Il faut bien plutôt retrouver la simplicité

de Celui qui ne juge pas,

qui n’évalue pas.

De Celui qui se contente d’aimer et de servir.

 

Un bon bout de chemin

nous attend encore

pour nous mettre au niveau

de Celui qui s’est abaissé pour nous.

Et les alpinistes le savent :

descendre n’est pas plus facile que monter.

 

Seulement sur ce chemin nous ne sommes pas seuls.

Puisque Celui qui nous a lavés les pieds

et qui nous invite à faire de même

les uns pour les autres

est là qui nous soutient.

 

Amen

 

 

Henri Beauclair, parlant de son projet, dit encore :

Le sol, en béton brut, ne va pas jusqu’aux murs :

une plate-bande en contrebas, garnie de gros galets rappelant ceux du lac,

empêche d’aller jusqu’aux murs et donc de voir la verrière.

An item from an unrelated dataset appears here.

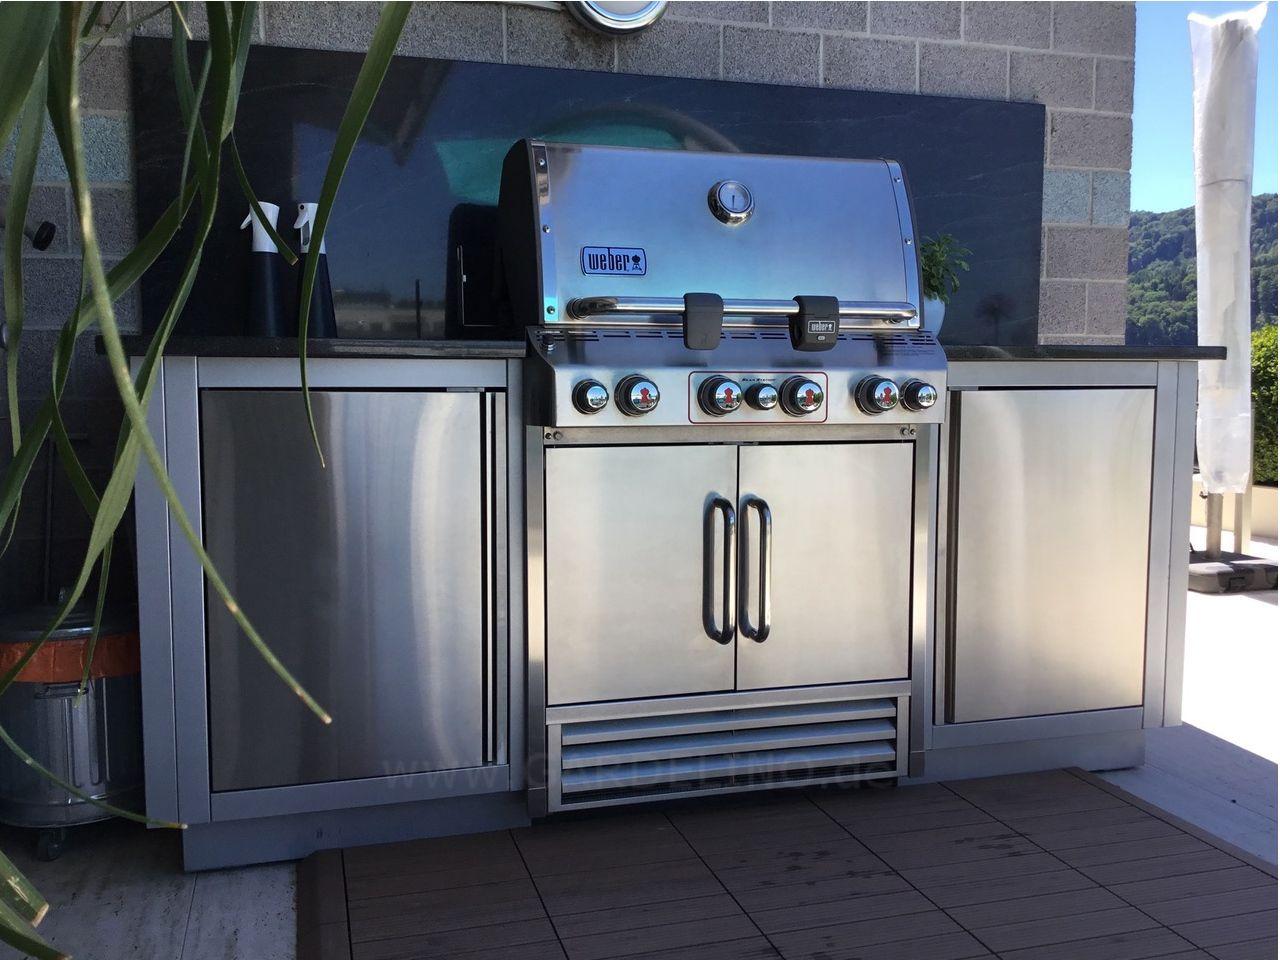 Beefeater Einbautür Für Außenküchen : Außenküchensystem oasis von napoelon mit einbaugrill outdoor
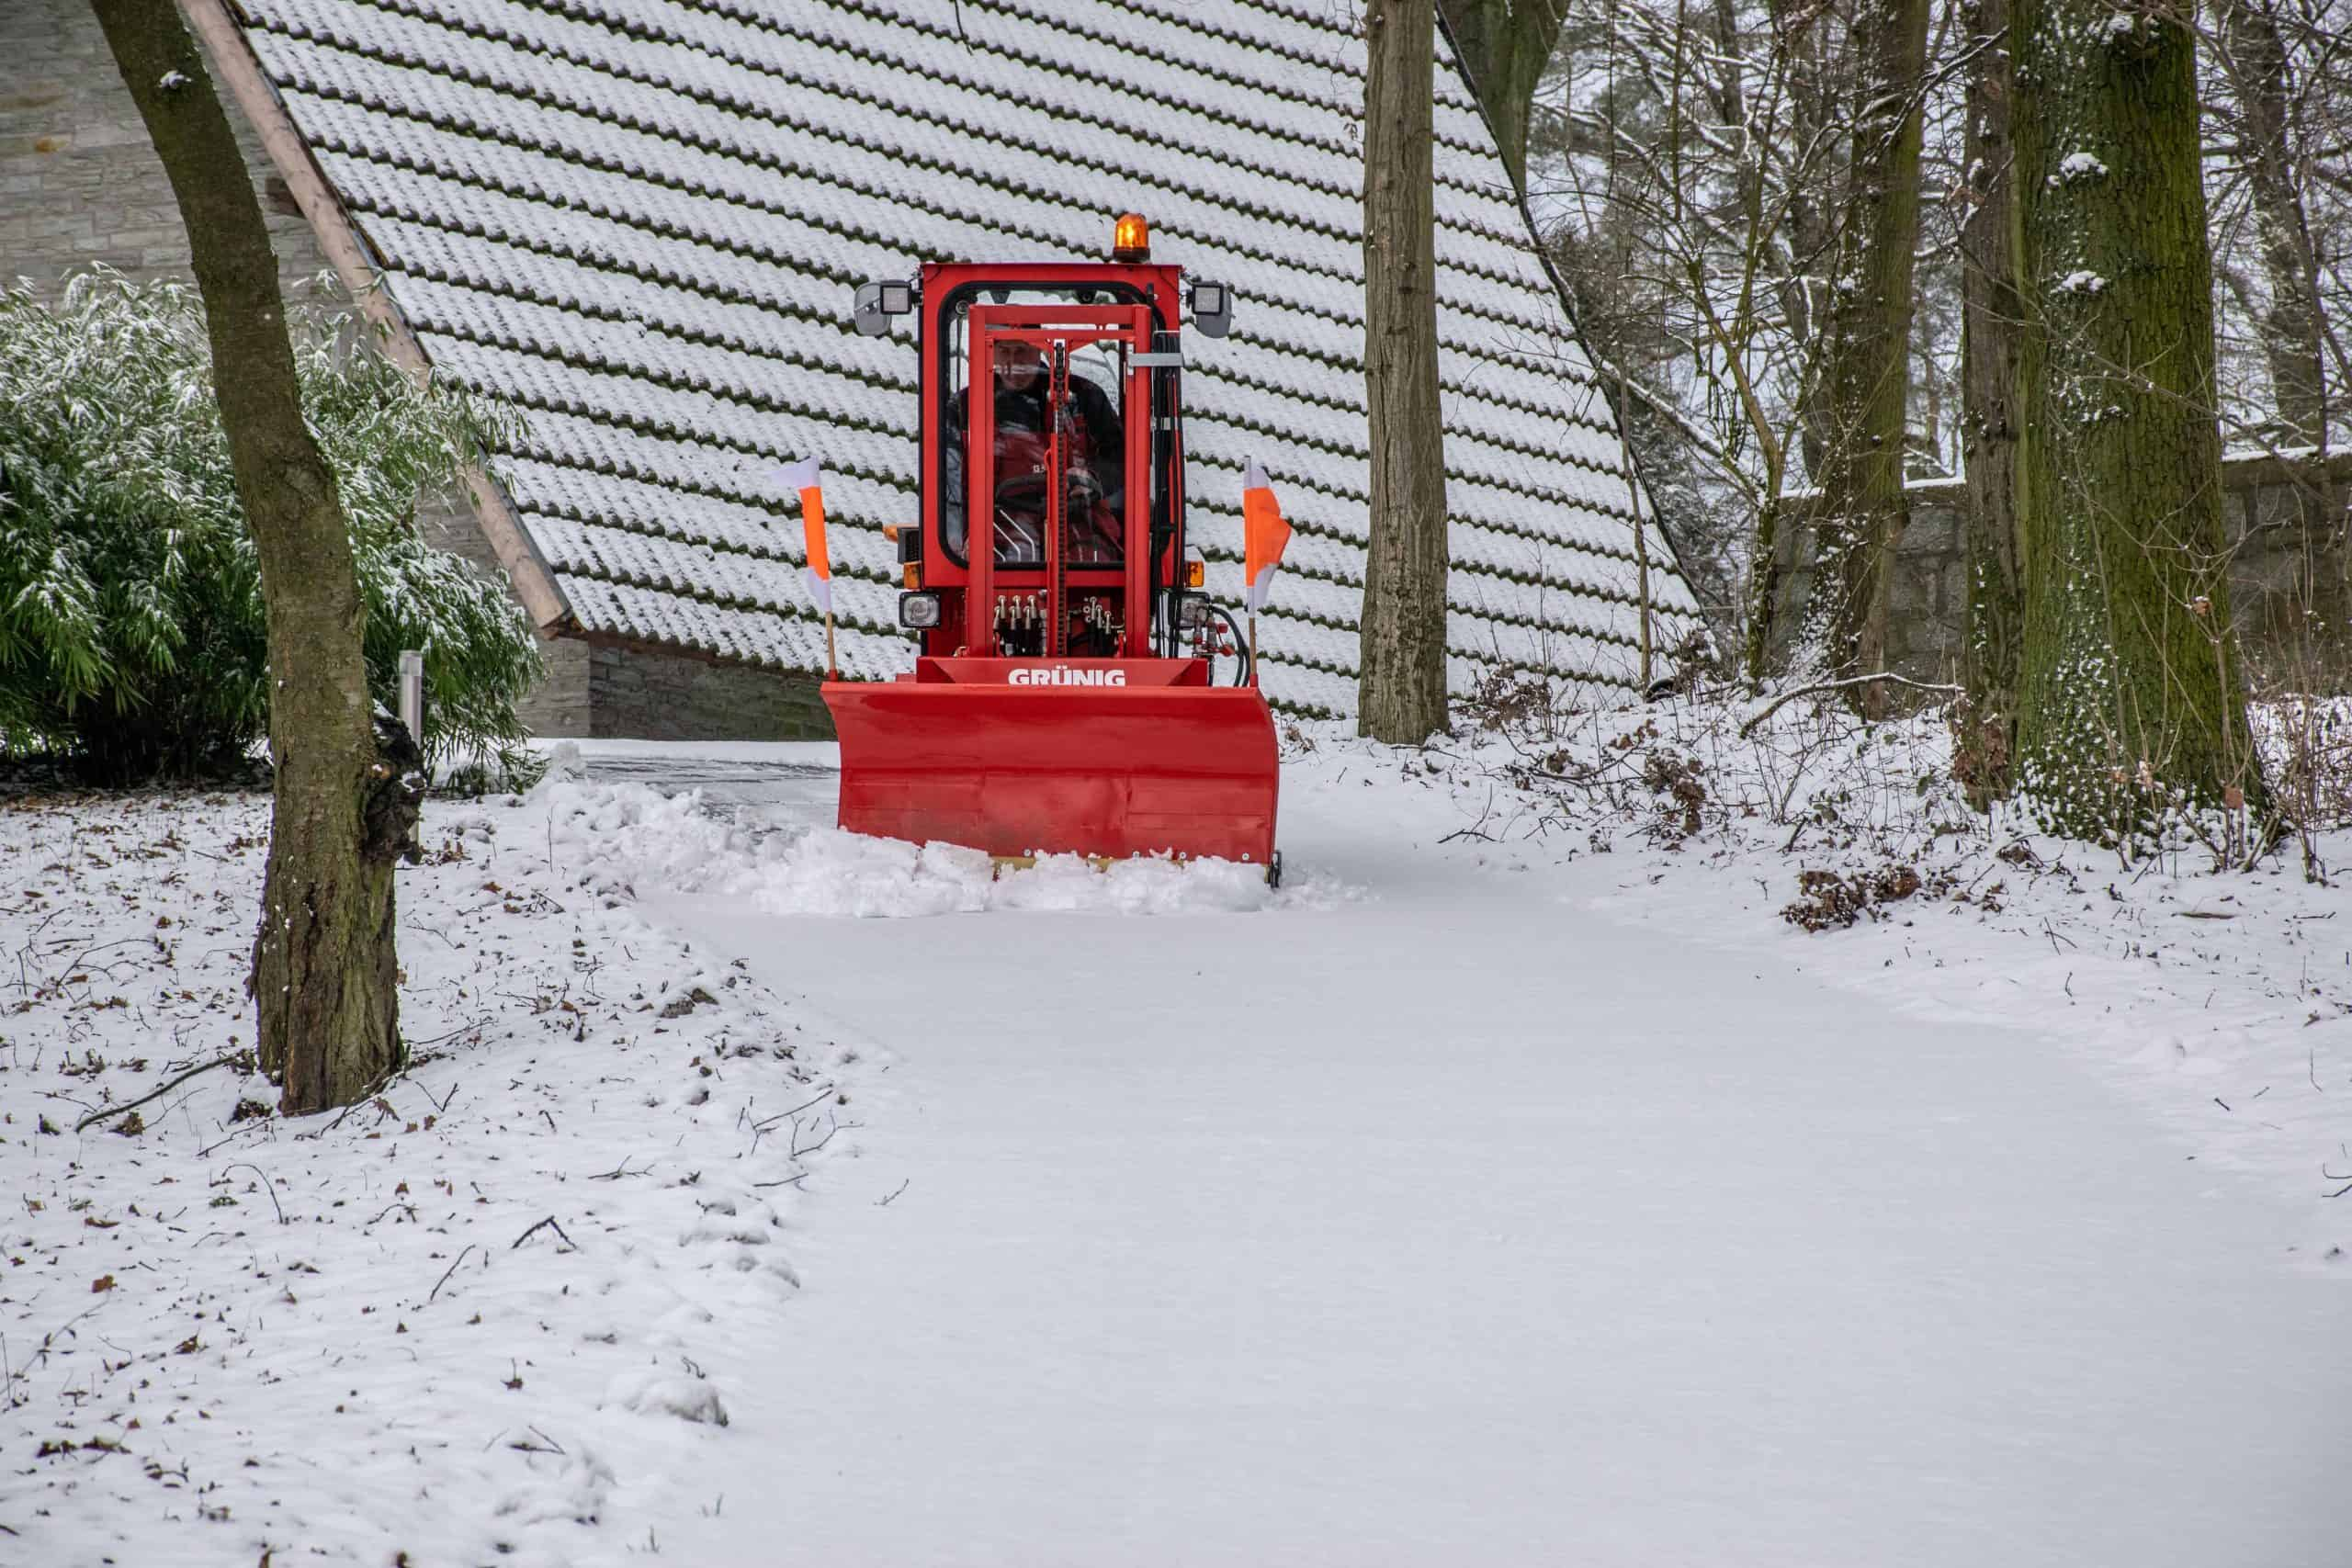 Winterdienstgerät Strasse

Dans l’axe, une croix, identique à celle de l’extérieur, derrière la table de communion,

en béton comme la chaire située à gauche.

A droite les fonts baptismaux sous la forme d’un rocher légèrement excavé sur le dessus,

rappelant la pierre sur laquelle Moïse frappa, faisant jaillir l’eau (Exode 17 : 6)

L’ensemble serait réalisé en béton brut, matériau de notre époque,

rappelant le traitement simple et la rusticité des églises romanes,

qui tiraient leur force de l’unicité de leurs matériaux et de la justesse de leurs proportions.

 

Première lettre de Pierre, chapitre deux, versets un à six :

« Rejetez donc toute forme de méchanceté, tout mensonge,

ainsi que l'hypocrisie, la jalousie et les médisances. 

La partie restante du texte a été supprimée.